Schema note: call graph export version 4.3 adds Java runtime provenance in scan_metadata for JDK-aware platform signature enrichment.
- Each top-level record stays keyed by
finding_id, which is the join key back to the interim report.
call_chains is the primary value-flow structure. Each chain is ordered from the first reachable caller to the function that contains the matched crypto call.
- Each chain node contains a fully qualified
function_name, a normalized file_path, start_line, optional dependency_info, and optional entry_call.
entry_call describes how execution entered the current function from the previous step. Its file_path and line are the call-site location in the previous node’s source file.
- The last node in a chain carries
crypto_call, which is the matched crypto-relevant call that triggered the finding.
entry_call.parameters[] and crypto_call.parameters[] both export parameter_index (always 0-based), best-effort type, argument_expression, resolved_value, variable_name for simple identifiers only, and recursive source_nodes.
- For Java scans,
scan_metadata may also include java_requested_jdk_major, java_runtime_version, java_platform_signatures_used, java_platform_signature_source, and java_platform_signature_unavailable_reason to show which JDK major was requested and whether JDK platform signatures were available for enrichment.
source_nodes can now carry interprocedural provenance across wrapper hops, for example PARAMETER -> PARAMETER -> VALUE, and propagated nested nodes keep location.file_path plus location.line when known.

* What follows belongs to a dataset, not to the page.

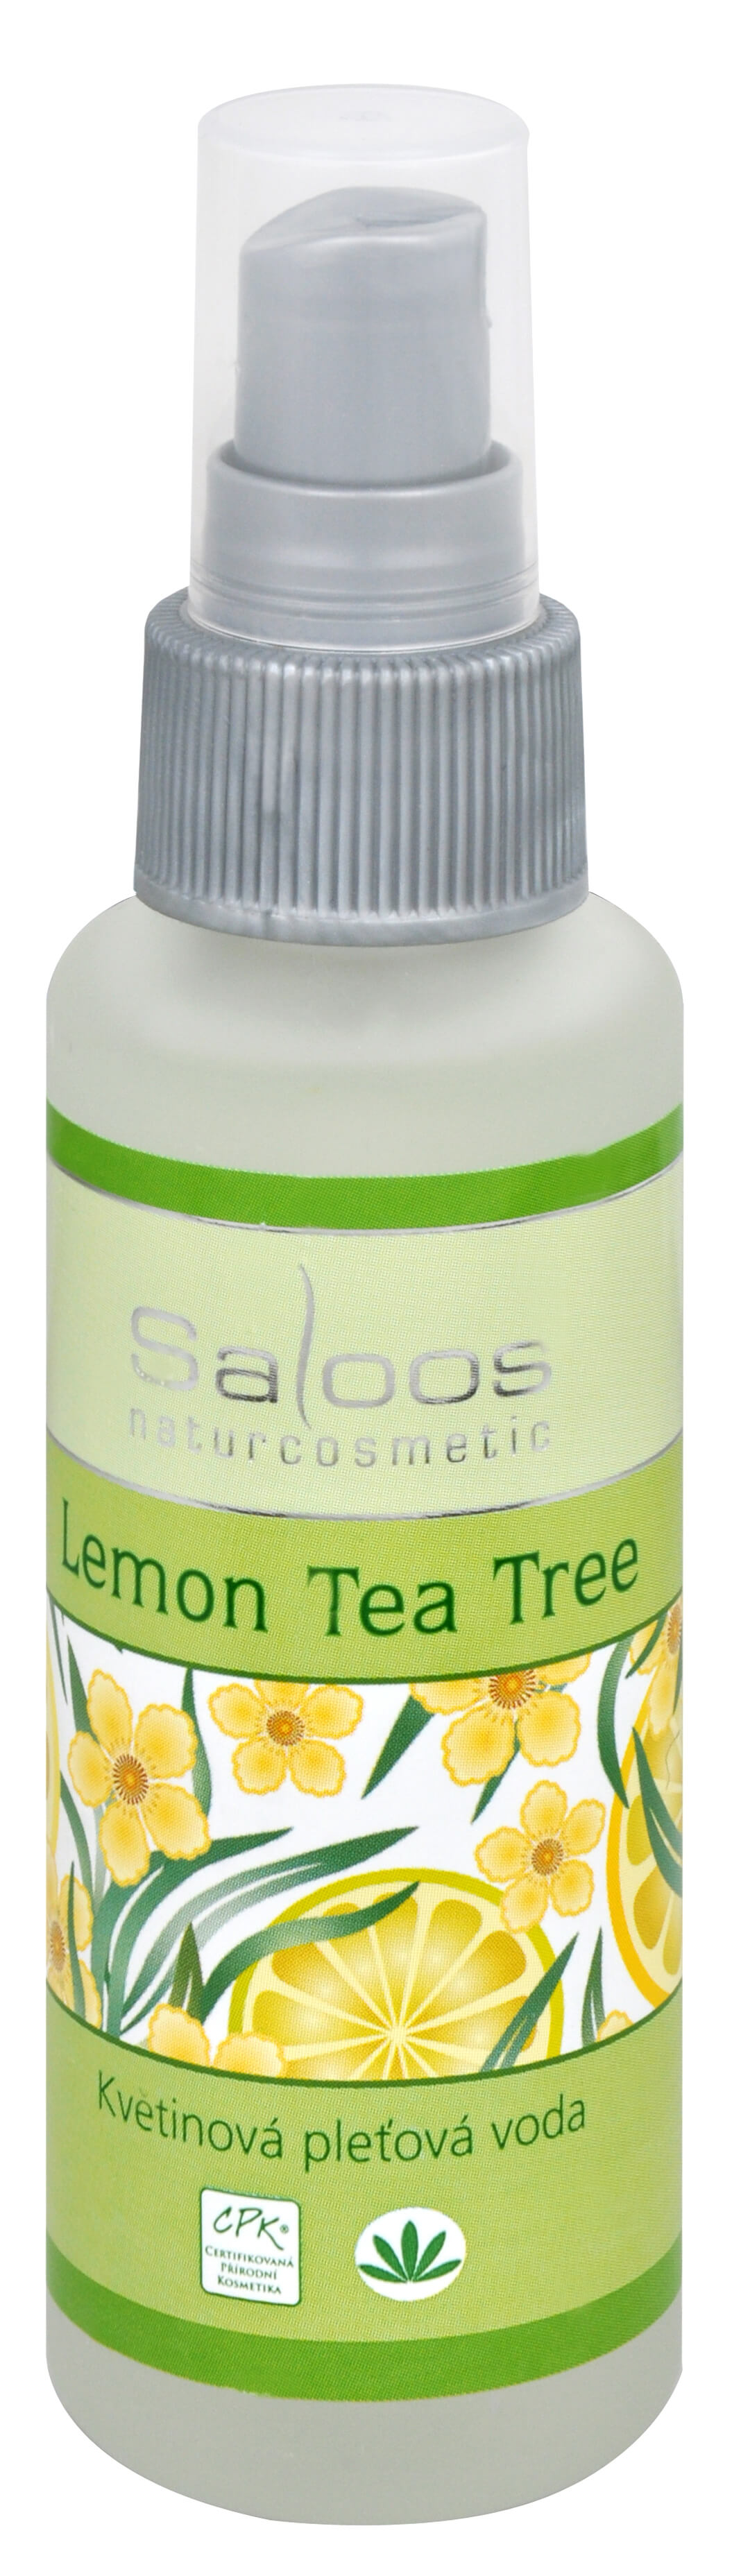 Zobrazit detail výrobku Saloos Květinová pleťová voda - Lemon tea tree 50 ml + 2 měsíce na vrácení zboží

- Method-call expressions are preserved as
CALL_RESULT nodes instead of flattening away their receivers. When the invoked method can be resolved, the node also exports call_target, and receiver provenance stays nested under the CALL_RESULT (for example CALL_RESULT -> PARAMETER alg -> VALUE SignatureAlgorithm.HS256).
- Findings that cannot be resolved to a containing function or a specific crypto call remain in the export with
finding_location and unresolved_reason.
Call Chains Ordering
The call_chains field in the call graph export contains all traced paths from program entry points to the crypto call site. Each inner array is one complete path, ordered from program entry point (index 0) to crypto call site (last index). Entry [i] calls entry [i+1].
Example:
{
"finding_id": "69669f02",
"call_chains": [
[
{
"function_name": "io.jsonwebtoken.jjwtfun.controller.SecretsController.traceToken",
"file_path": "src/main/java/io/jsonwebtoken/jjwtfun/controller/SecretsController.java",
"start_line": 33
},
{
"function_name": "io.jsonwebtoken.jjwtfun.service.SecretService.issueTraceToken",
"file_path": "src/main/java/io/jsonwebtoken/jjwtfun/service/SecretService.java",
"start_line": 72,
"entry_call": {
"file_path": "src/main/java/io/jsonwebtoken/jjwtfun/controller/SecretsController.java",
"line": 34,
"parameters": [
{
"parameter_index": 0,
"type": "io.jsonwebtoken.SignatureAlgorithm",
"argument_expression": "SignatureAlgorithm.HS256",
"resolved_value": "SignatureAlgorithm.HS256"
}
]
}
},
{
"function_name": "org.springframework.security.core.token.Sha512DigestUtils.getSha512Digest",
"file_path": "org/springframework/security/core/token/Sha512DigestUtils.java",
"start_line": 43,
"dependency_info": {
"module": "org.springframework.security:spring-security-core",
"version": "5.7.11"
},
"crypto_call": {
"function_name": "java.security.MessageDigest.getInstance",
"line": 45,
"parameters": [
{
"parameter_index": 0,
"type": "String",
"argument_expression": "\"SHA-512\"",
"resolved_value": "\"SHA-512\""
}
]
}
}
]
]
}
Findings Cache
Dependency scanning is dominated by opengrep execution time (~93% of pipeline time). Since module@version produces identical scan results with the same ruleset, caching eliminates redundant work entirely. On a second scan with the same dependencies and rules, the dependency scanning phase drops from minutes to near-zero.
How It Works
The cache sits between Step 2 (rule loading) and Step 3 (parallel scanning) in the pipeline. Before scanning each dependency, scanSingleDep checks for a cached result. On a cache miss, the scan runs normally and the result is stored.
Cache Key Design
The key captures everything that affects scan output:
<module>@<version>:<rulesHash>
- Module + version: e.g.,
org.bouncycastle:bcprov-jdk18on@1.78
- Rules hash: First 16 hex chars of SHA-256 over sorted rule file contents — if any rule is edited, the cache invalidates automatically
Example: org.bouncycastle:bcprov-jdk18on@1.78:a3f8b2c1d4e5f678
The rulesHash is computed once per scan (not per-dep), so I/O cost is negligible.
Storage Layout
The default implementation (DiskFindingsCache) stores results as JSON files:
~/.scanoss/crypto-finder/cache/findings/
org.bouncycastle:bcprov-jdk18on@1.78:a3f8b2c1d4e5f678.json
com.google.guava:guava@33.0.0-jre:a3f8b2c1d4e5f678.json
golang.org_x_crypto@v0.31.0:a3f8b2c1d4e5f678.json
Forward slashes in module paths (e.g., golang.org/x/crypto) are replaced with _ for filesystem safety. Writes use temp file + atomic rename to prevent corruption from interrupted scans.
FindingsCache Interface
type FindingsCache interface {
Get(ctx context.Context, key string) (*entities.InterimReport, bool, error)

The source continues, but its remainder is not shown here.